Venture Capital: It's a dead sea for some, but Voyager sets sail
By JOHN COOK SEATTLE POST-INTELLIGENCER REPORTER Friday, February 7, 2003
With nearly half of its $215 million venture fund remaining, Voyager Capital is starting to invest again.
The money just isn't flowing in the Pacific Northwest.
In the past six months, the Seattle firm has pumped $11.5 million into three Silicon Valley start-ups. Furthermore, its five most recent deals have been made in Northern California companies.
Voyager, which opened a Silicon Valley office in early 2000, has not invested in a Seattle-area company in 28 months.
That's a long dry spell.
But it doesn't mean that the 6-year-old company is backing away from the Pacific Northwest.
"Absolutely not," said Enrique Godreau, one of the firm's four managing directors.
"We are very, very focused," Godreau said. "Our commitment is to have two-thirds of our investments in the Pacific Northwest and one-third in other areas such as the Bay Area and Austin, Texas."
If the activity level at the firm's downtown Seattle office yesterday morning was any indication, Voyager will be here for a long time. At least three groups of entrepreneurs were pitching business plans at the firm's 14th-floor office, so many that staff members struggled to organize conference rooms for everyone.
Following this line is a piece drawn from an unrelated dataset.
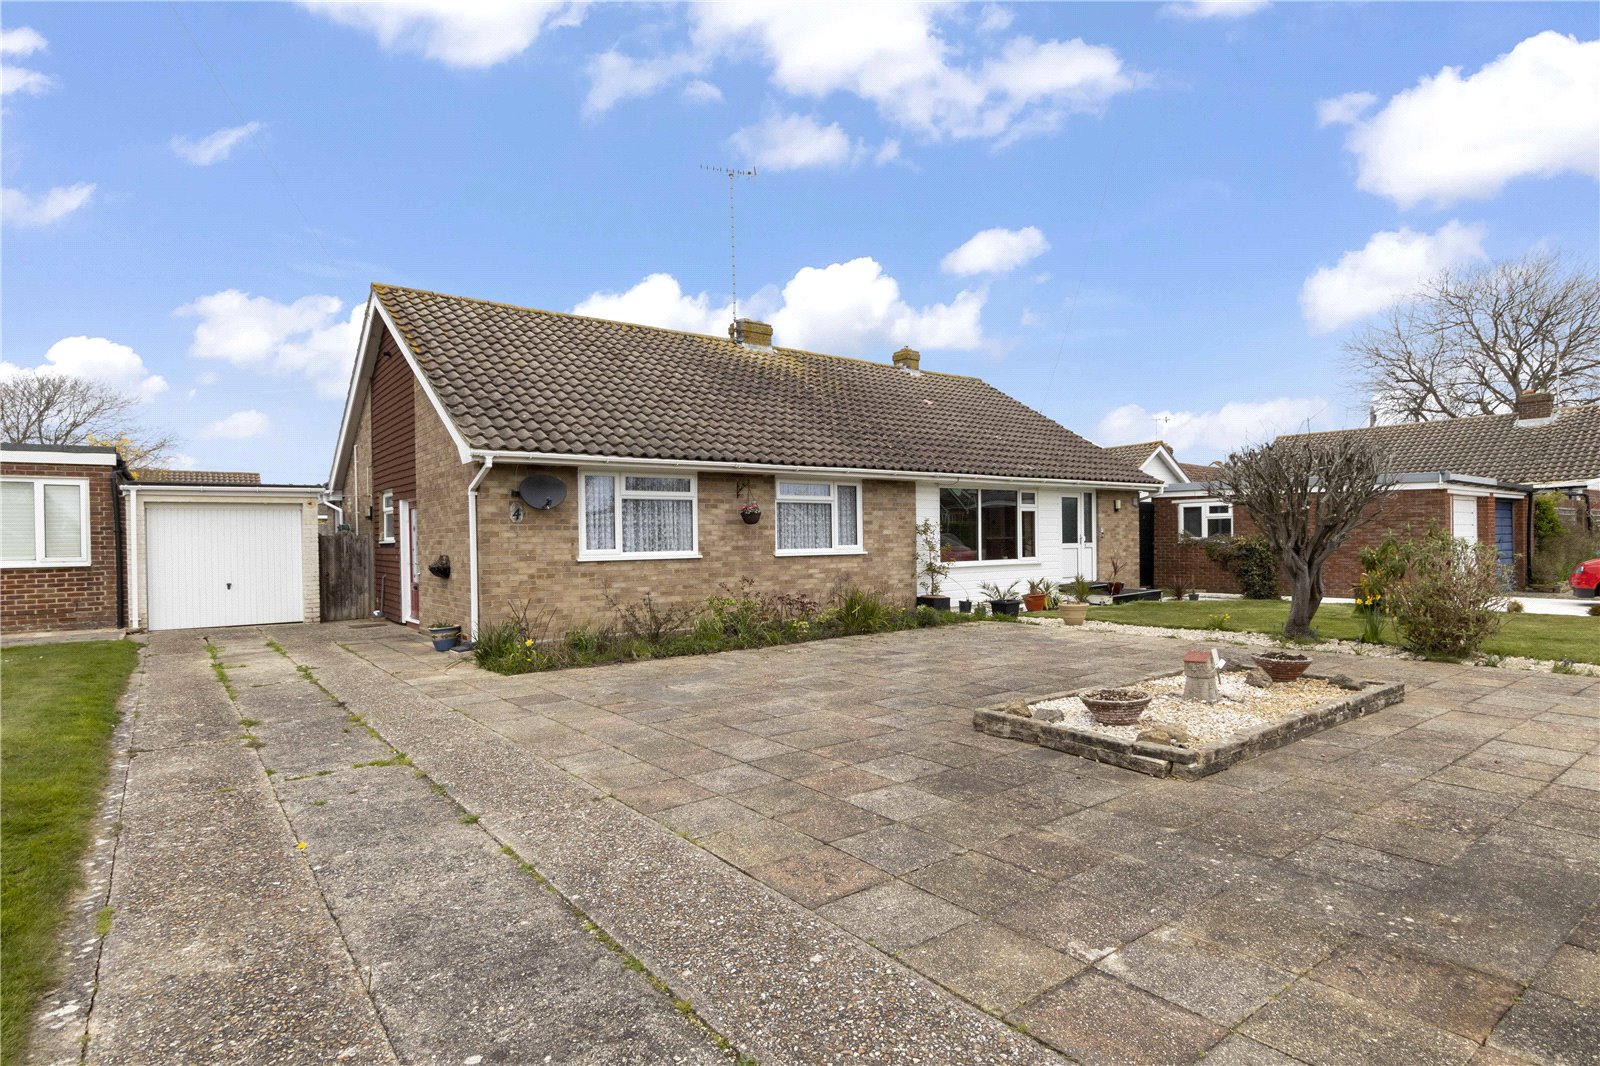 2 bed bungalow for sale in Nuffield Close, Bognor Regis - Property Image 1

"I hear that they are open for business and they are looking for deals," said Linqware Chief Executive Tod Turner, who was referred to Voyager by another local VC firm.
In the past two weeks, Godreau and his Seattle partners have met with a dozen entrepreneurial teams from the Pacific Northwest. Vancouver, B.C., is an especially interesting market for the firm. Godreau spends a couple of days a month in Portland.
So why the outflow of capital to Northern California?
Voyager's Bill McAleer said deal flow was stronger in Silicon Valley in 2001 and 2002, partly because of that region's more diversified technology base.
"All of these markets hit lows during that period. But Seattle probably hit a little deeper one," he said.
Seattle's heavy reliance on Internet technologies in the late '90s hurt the region more than others, he added.
Venture capital investments fell sharply in the state last year with investment activity plunging to 1997 levels. About $599 million was invested, a 40 percent decline over the previous year.
But McAleer believes the pendulum has started to swing the other way.
"Over the last two quarters we have been seeing improved deal flow here in Seattle," said McAleer, a former executive at Aldus and Westin Hotels. "We've seen some folks coming up from California and experienced entrepreneurs starting companies. If you look at this region, the big gorillas have stayed pretty stable."
Amazon.com, AT&T Wireless, T-Mobile and Microsoft are all doing reasonably well, he said. And that could stabilize the high-tech industry and make it grow.
Asked to rank the strength of three regions in which the firm invests, McAleer placed Silicon Valley at the top, followed by Seattle and then Austin.
Curtis Feeny, who manages Voyager's office on the famed Sand Hill Road in Menlo Park, Calif., is in the unusual position of analyzing both the Seattle and Silicon Valley markets.
A former vice president at Stanford University's endowment fund, Feeny has led Voyager's recent investments in San Mateo, Calif.-based FHP Wireless and Palo Alto, Calif.-based SeeCommerce.
"It is a deeper market here," Feeny said. "Voyager has a good and growing reputation in the Valley so we are seeing better and better deals."
That is part of the reason the firm has increased its investment activity in California. With greater exposure to high-quality deals, Feeny has attempted to capitalize on the opportunity. Investing in Silicon Valley also strengthened the firm's network and its goal of cross-pollinating technologies between the two regions.
Because Voyager invested somewhat cautiously during the Internet bubble years and made triage decisions early, the firm is in the advantageous position of sitting on a decent amount of capital, Feeny said.
"As others slow down, we have been able to put as much money out as in the boom times," he said.
Since raising the $215 million fund in May 2000, Voyager has invested in 12 companies. It plans to target another 10, with two to three deals in the Pacific Northwest this year.
The firm's biggest successes include Avenue A, which went public in Feb. 2000, and Tegic Communications, which was sold to AOL Time Warner in 1999. Failed investments include Agital, ClaimsDesk and DailyShopper.
Even though venture capital continues to slip and the IPO market remains shut, McAleer believes now is the time to push forward.
"We think valuations are good, the cost of building a company is pretty reasonable and talent is much more accessible than it was before," he said. "And if you look back at the history of venture capital, a lot of the successful companies were funded in down times."